Louise Catherine Breslau (1856-1927) |
Nas comemorações dos 200 anos da morte da escritora inglesa Jane Austen (1775-1817), no último dia 18, teve de tudo: desde o lançamento de uma nota de dez libras com sua imagem na Inglaterra até um chá em sua homenagem na Confeitaria Colombo, no Rio, com direito a atores com roupas de época. Juntando-se a isso as inúmeras reedições, traduções, adaptações e continuações dos seis romances que Austen escreveu, fica provado que ela é a autora clássica mais popular da atualidade, com um fã-clube que rivaliza em tamanho e devoção apenas com o de seu conterrâneo William Shakespeare. Mas é justamente essa popularidade e a profusão de produtos com o nome de Jane Austen estampado que fazem com que alguns desconfiem da qualidade da obra da autora, muitas vezes considerada uma escritora menor de temas superficiais. Afinal de contas, por que ler Jane Austen?
Em primeiro lugar, porque Jane Austen está entre os melhores autores da história da literatura mundial, incluindo-se aí homens e mulheres. Seus livros têm uma prosa enxuta, de precisão cirúrgica, enredos complexos e harmônicos como os passos de dança da Era Georgiana, e personagens delineados com absoluta perfeição. Os vilões, os heróis e, sobretudo, as heroínas de Austen nunca são caricatos, mas de um realismo brilhante que nos envolve e nos faz amá-los, odiá-los, rir deles e torcer por eles. É isso que faz da obra de Austen tão atual: suas páginas mostram a natureza humana com a verdade incontornável de um espelho.
Em segundo lugar, porque Jane Austen é hilária. O humor é a principal característica de suas obras, o que pode ser facilmente comprovado por qualquer um que se familiarize com seus escritos de juventude, publicados por diversas editoras no Brasil. Nesses textos curtos, que Austen escreveu apenas para sua família e amigos mais próximos, ela ri da nobreza, da Igreja, da família e do casamento com uma falta de pudor espantosa para a jovem filha de um pastor anglicano que morava no interior. Esse riso implacável continua presente nos romances — embora sob um véu de ironia fina que o esconde de olhos menos atentos, o que permitiu a Austen ser publicada numa época em que o conservadorismo tomava conta de seu país, e continuar a ser admirada pelos tacanhos cegos de hoje.
E, finalmente, porque Jane Austen é importante.
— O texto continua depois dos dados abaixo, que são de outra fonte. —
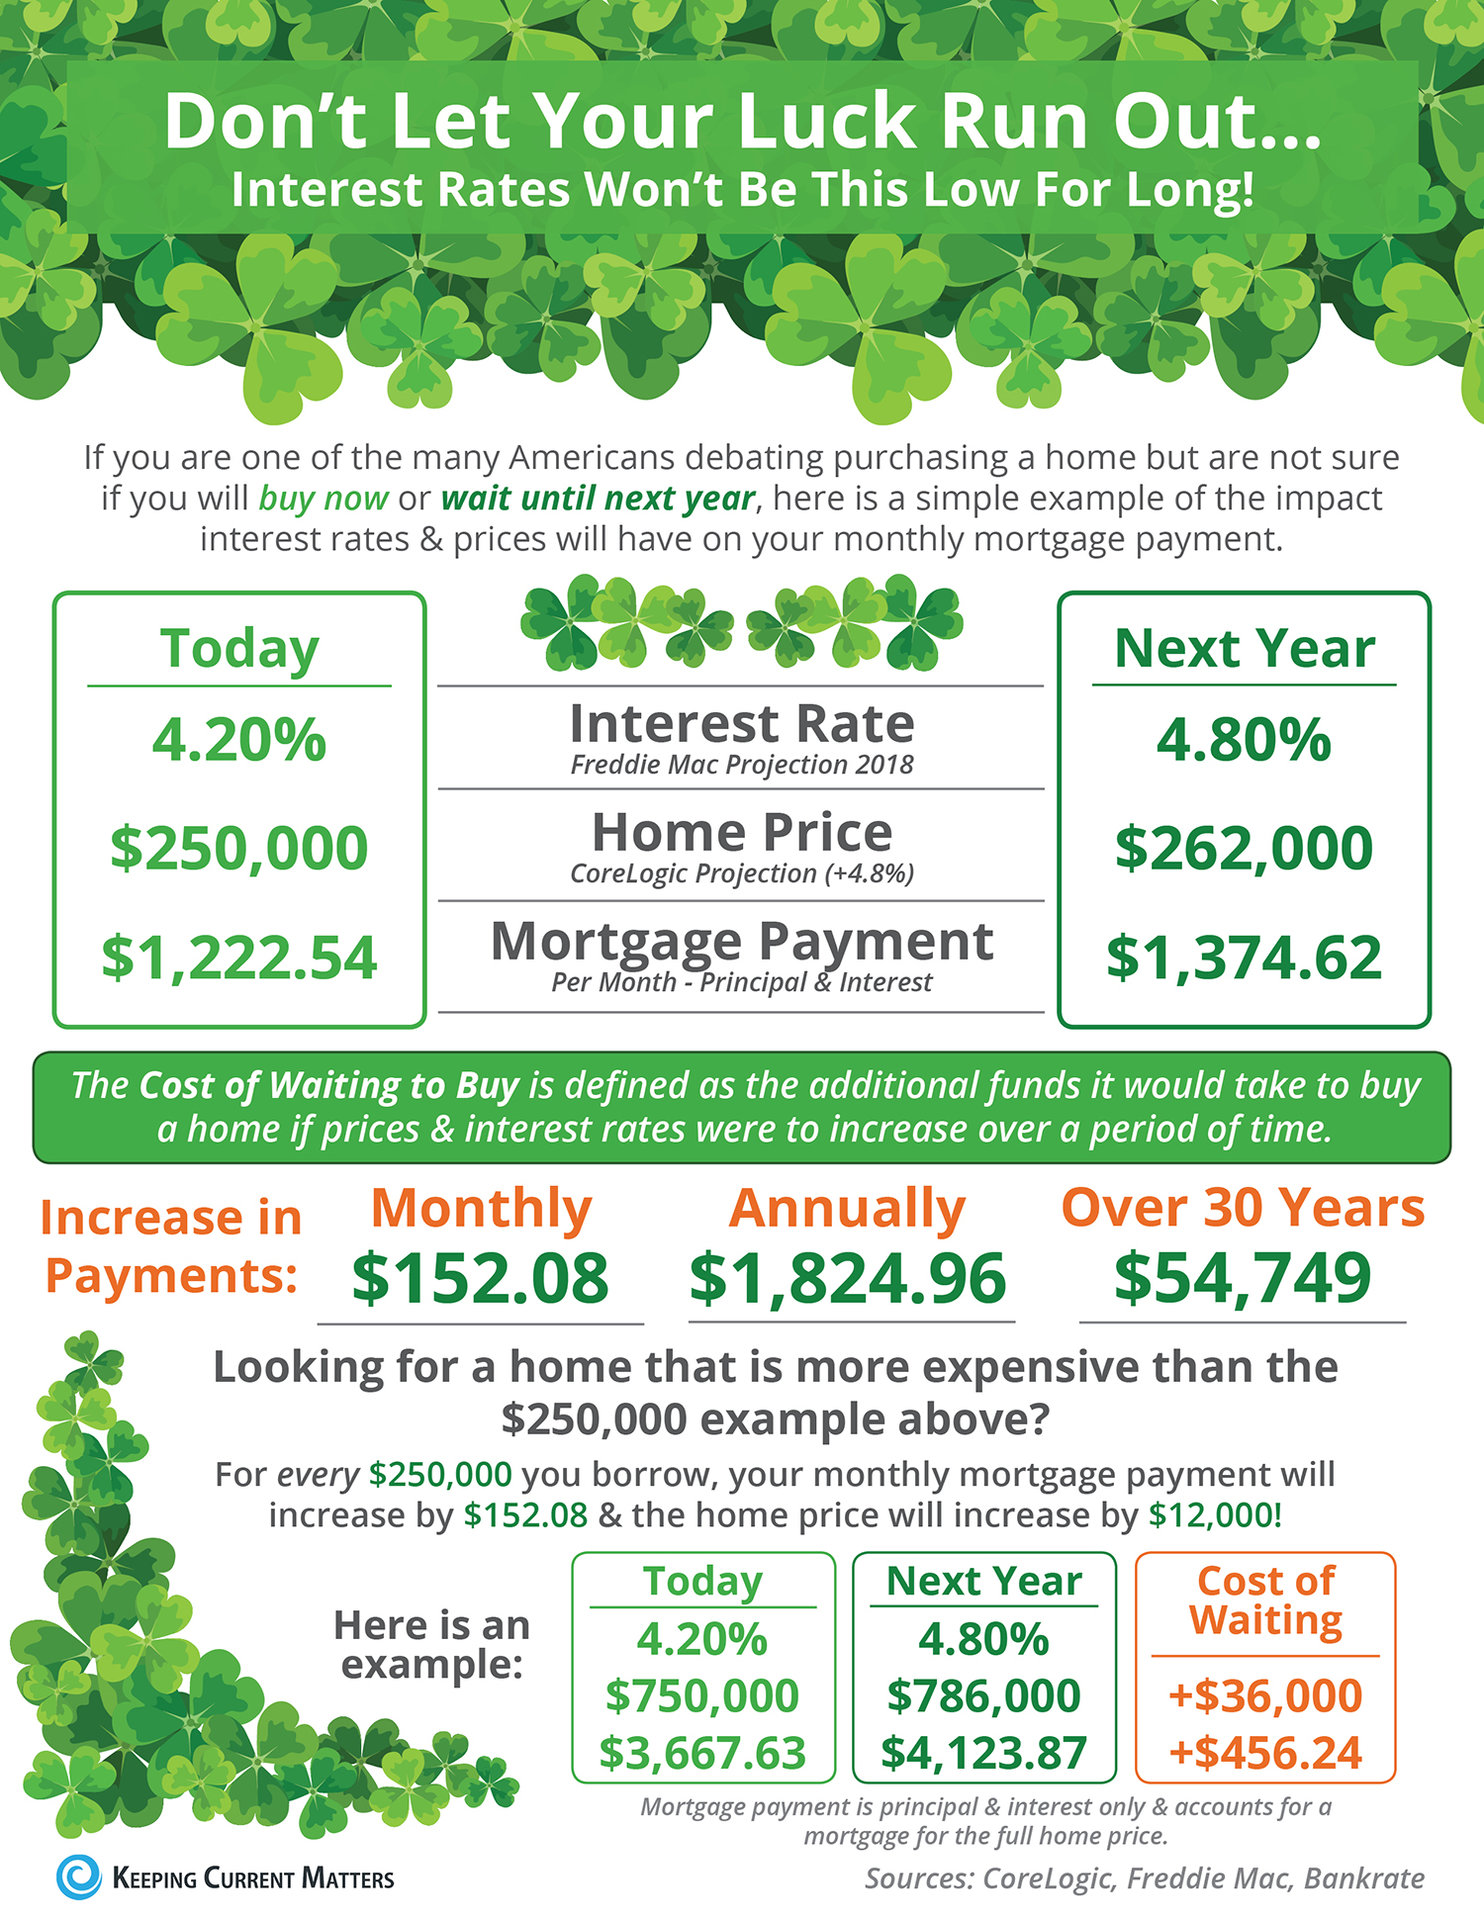 Don’t Let Your Luck Run Out [INFOGRAPHIC] | Keeping Current Matters

É verdade que os grandes acontecimentos de seu tempo mal são mencionados em seus livros, onde as guerras napoleônicas, por exemplo, são pouco mais que pano de fundo para bailes e piqueniques. Mas isso acontece porque Austen escolheu retratar a vida de quem travava suas batalhas nas salas de estar: as mulheres. Num tempo em que estas tinham pouquíssimas opções profissionais, em que o divórcio era quase inexistente e em que as esposas eram, por lei, completamente dependentes dos maridos, escolher o homem certo na hora de se casar era uma questão de sobrevivência. É dessa sobrevivência que Austen trata em seus romances, onde, apesar dos finais felizes, ela sempre nos lembra das consequências nefastas das escolhas erradas, vistas nos casais infelizes, nas mulheres arruinadas por um passo errado, na pobreza das viúvas. Austen jamais nos permite esquecer a fragilidade da condição das mulheres do seu tempo, o que mostra que, como todos os grandes escritores, ela trata da humanidade não só com verdade e coragem, mas também compaixão. E sempre com um sorriso nos lábios.